* _Task statement_:
Word for word, print out all of the data, omitting every image.

* _Data below_:

--

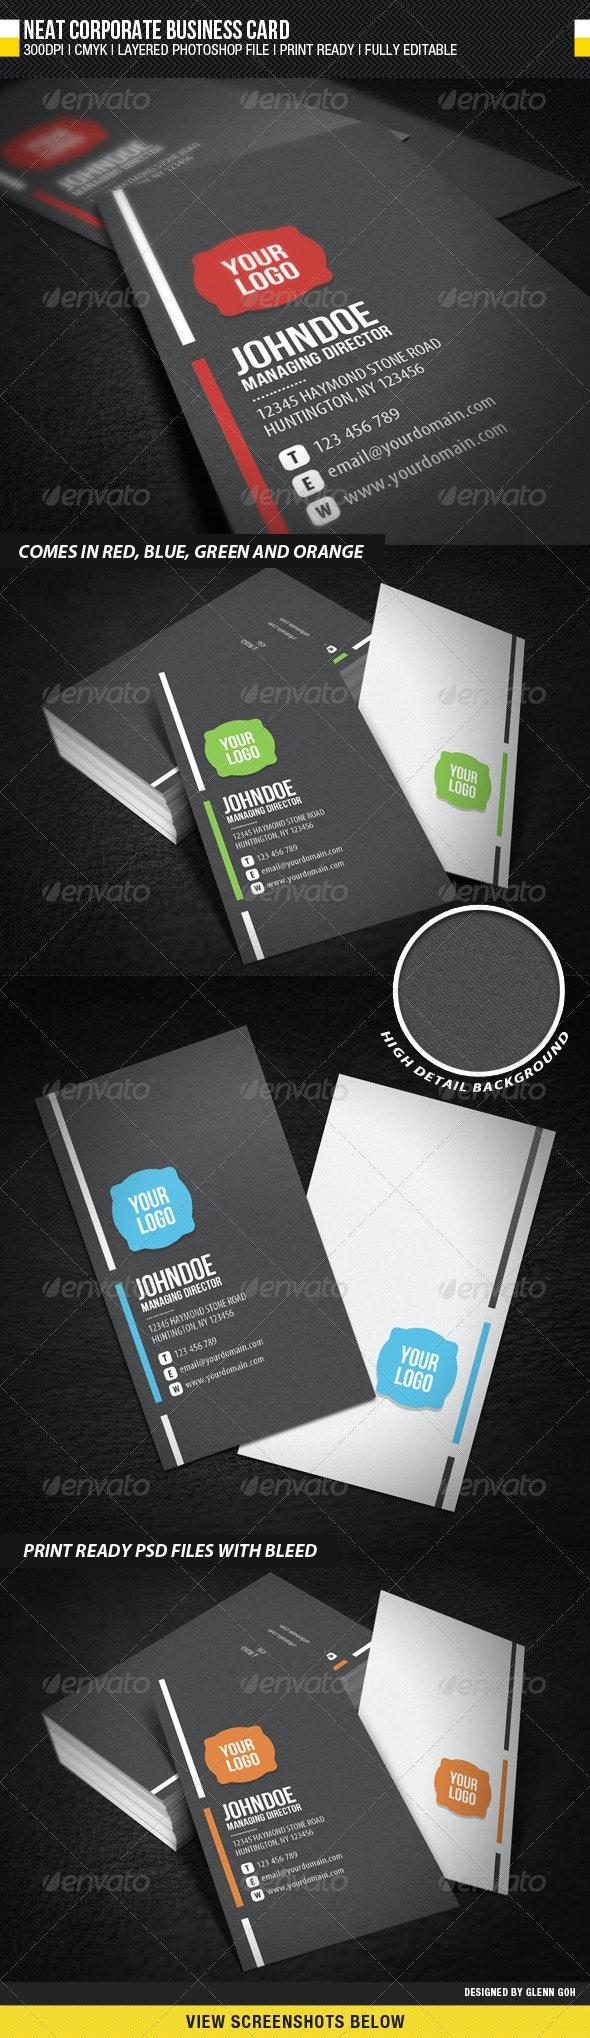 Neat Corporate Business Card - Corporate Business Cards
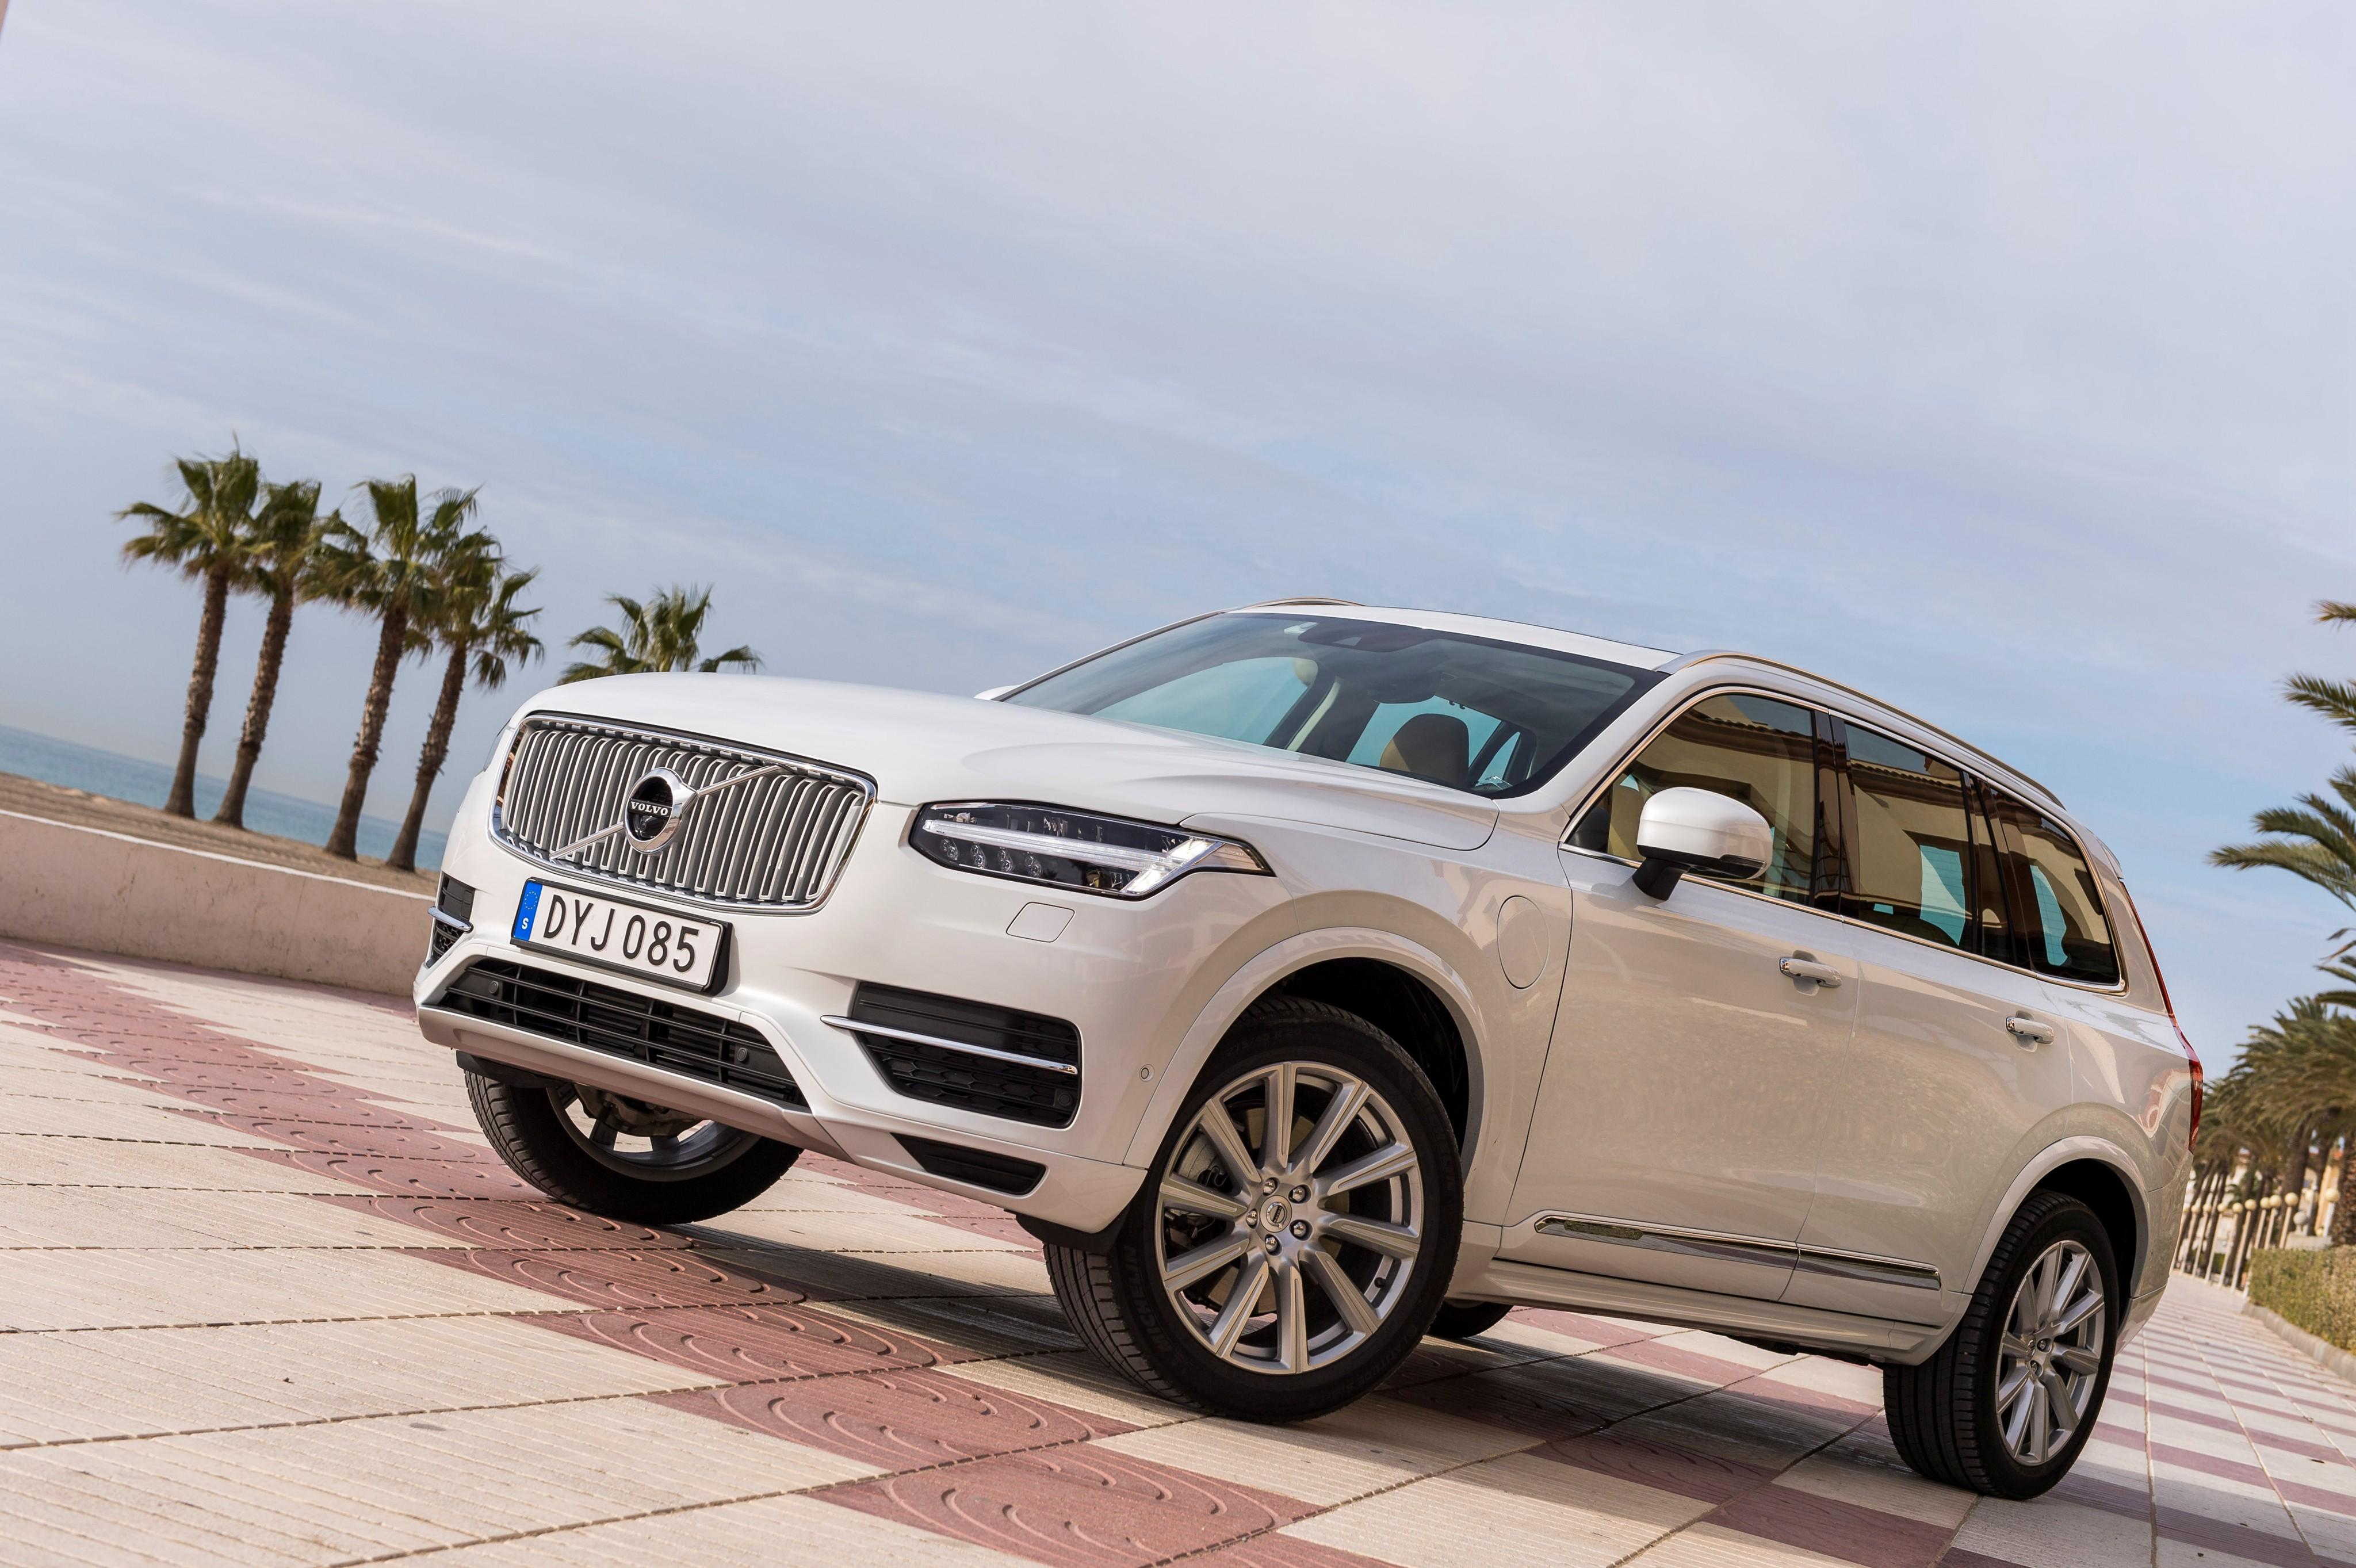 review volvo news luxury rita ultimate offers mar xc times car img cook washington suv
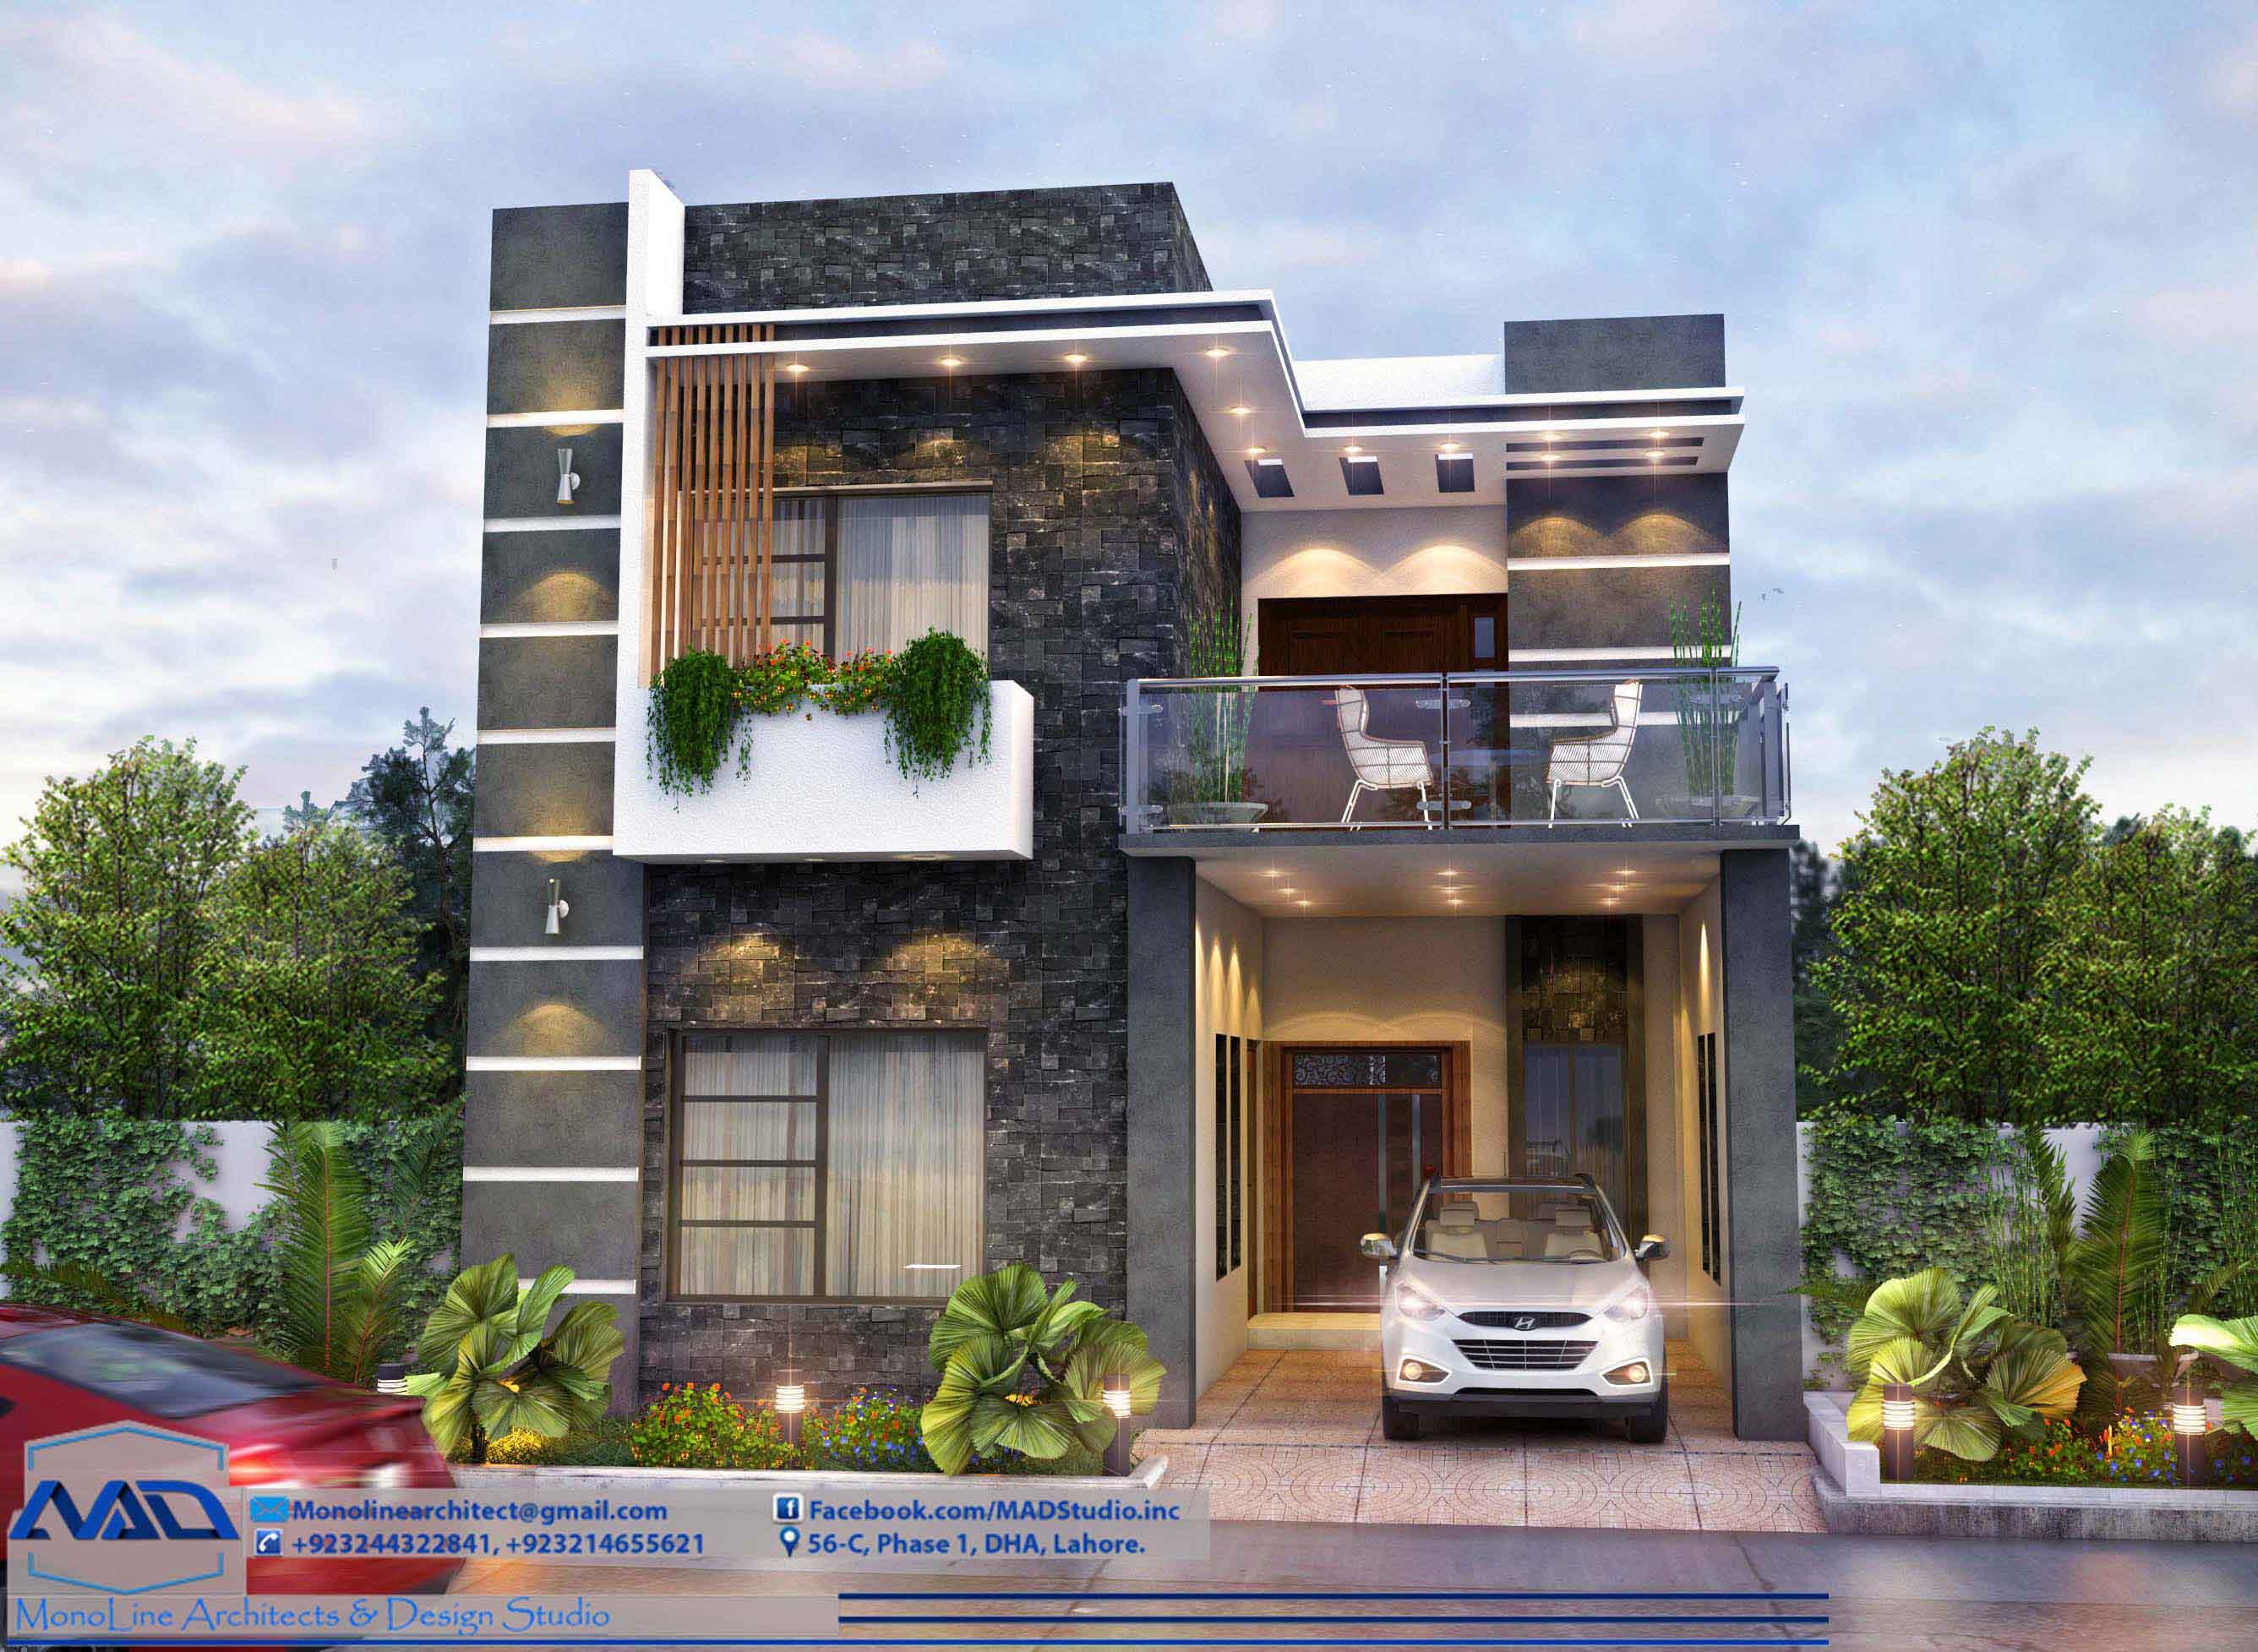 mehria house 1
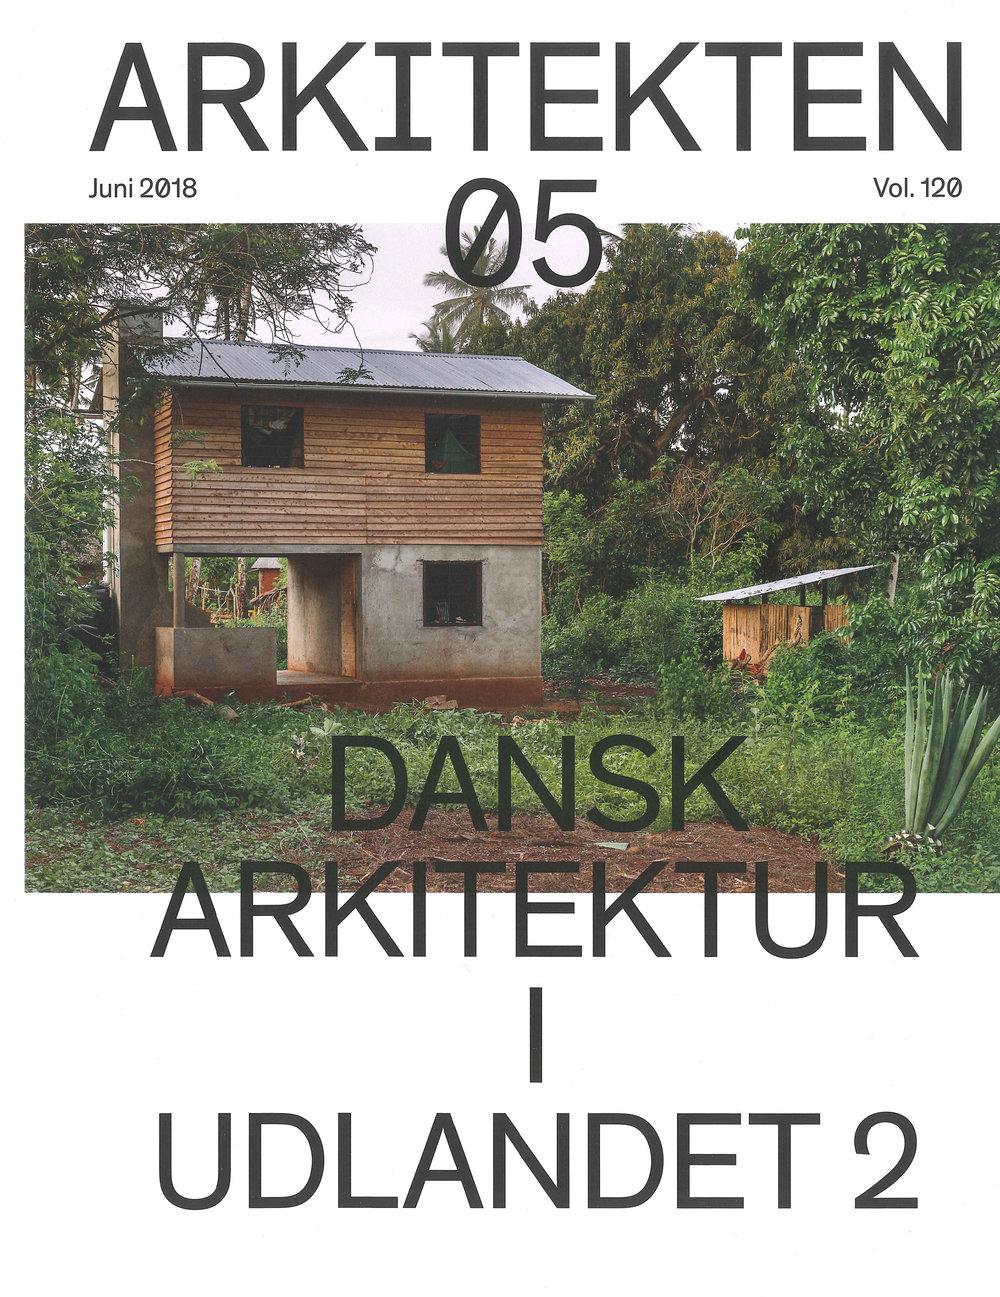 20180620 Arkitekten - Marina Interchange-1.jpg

--

* _Written solution_:
 Neat Corporate Business Card - Corporate Business Cards
 review volvo news luxury rita ultimate offers mar xc times car img cook washington suv
 mehria house 1
 20180620 Arkitekten - Marina Interchange-1.jpg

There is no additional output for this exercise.